# Prompt
After locating "Andrew Martin Jimenez Age 19" in the listing below, copy that line and each one after it exactly, ending with the line that has "Understanding Degrees in".
--- Records provided Enclosed Below ---
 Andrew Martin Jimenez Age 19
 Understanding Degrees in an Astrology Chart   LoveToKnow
--- End of Enclosed Records provided ---
--- Records provided Enclosed Below ---
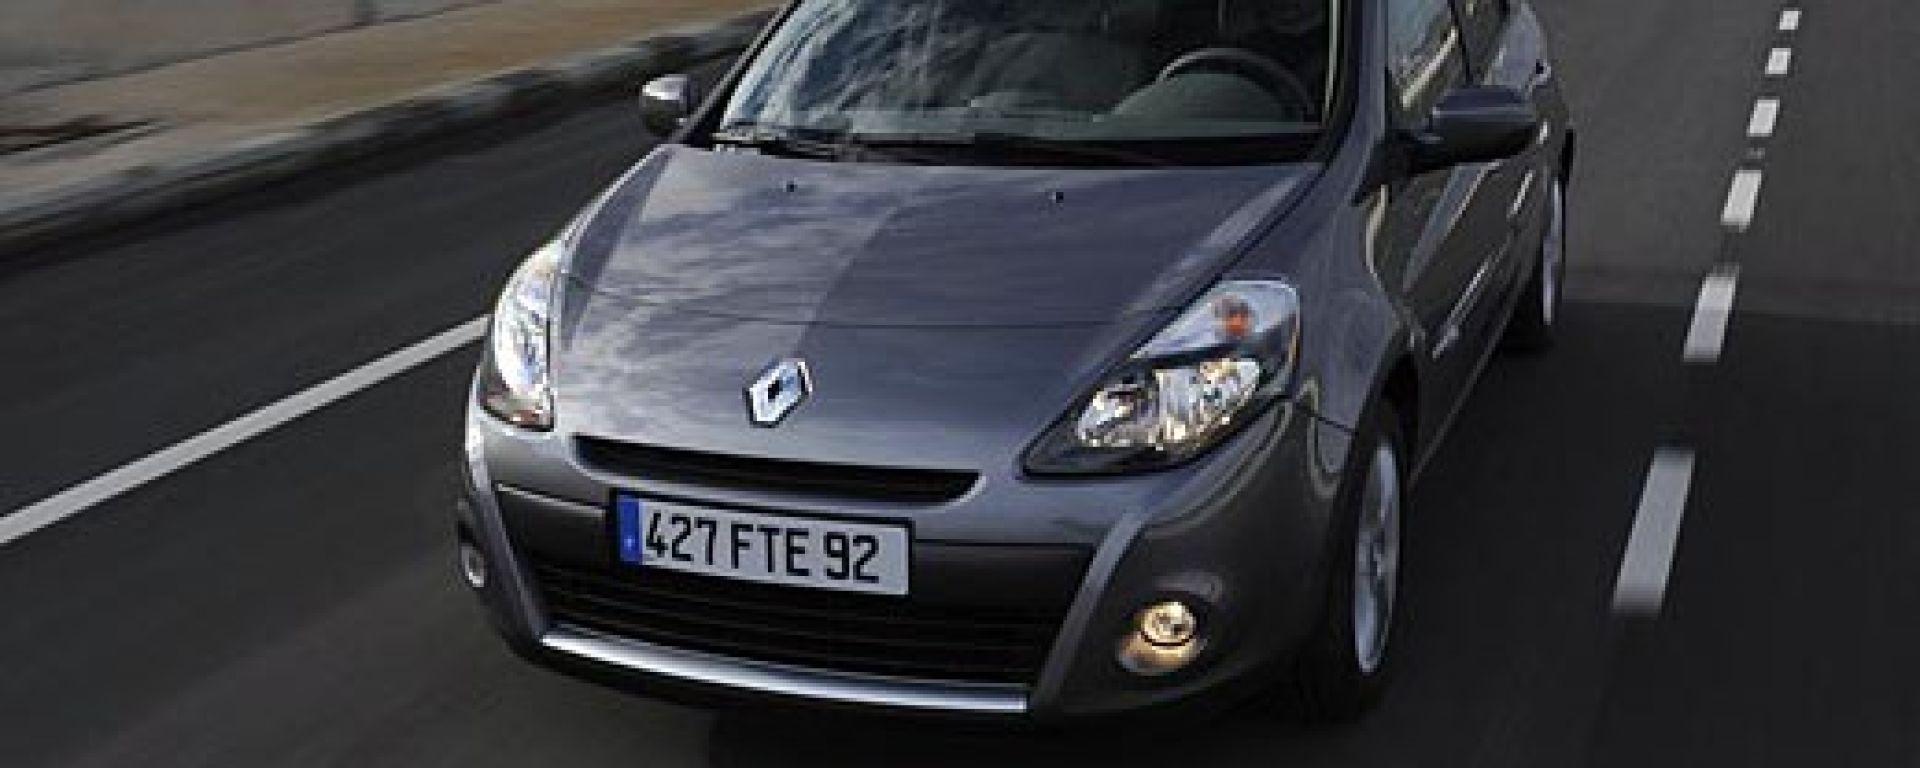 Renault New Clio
--- End of Enclosed Records provided ---
--- Records provided Enclosed Below ---
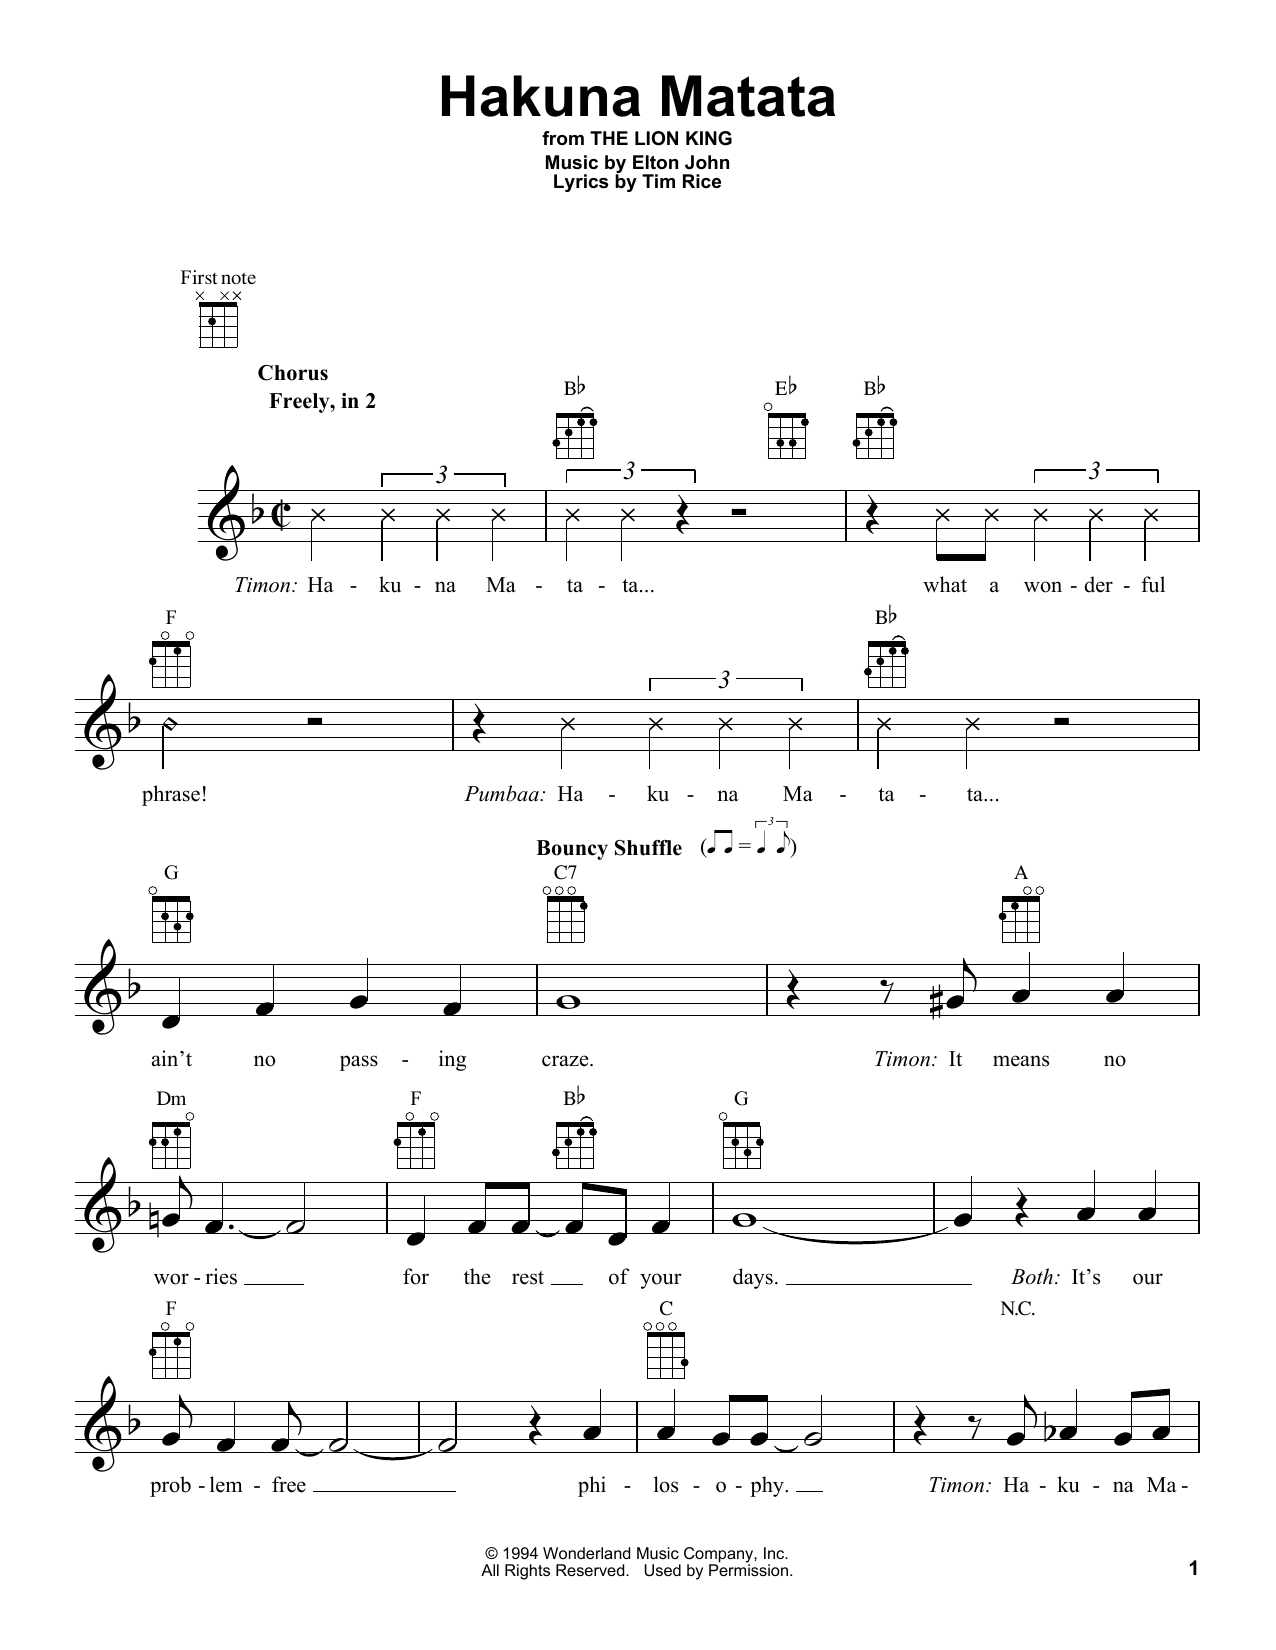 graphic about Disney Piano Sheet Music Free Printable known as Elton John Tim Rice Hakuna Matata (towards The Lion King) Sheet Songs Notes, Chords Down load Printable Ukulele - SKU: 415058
--- End of Enclosed Records provided ---
# Exercise result
 Andrew Martin Jimenez Age 19
 Understanding Degrees in an Astrology Chart   LoveToKnow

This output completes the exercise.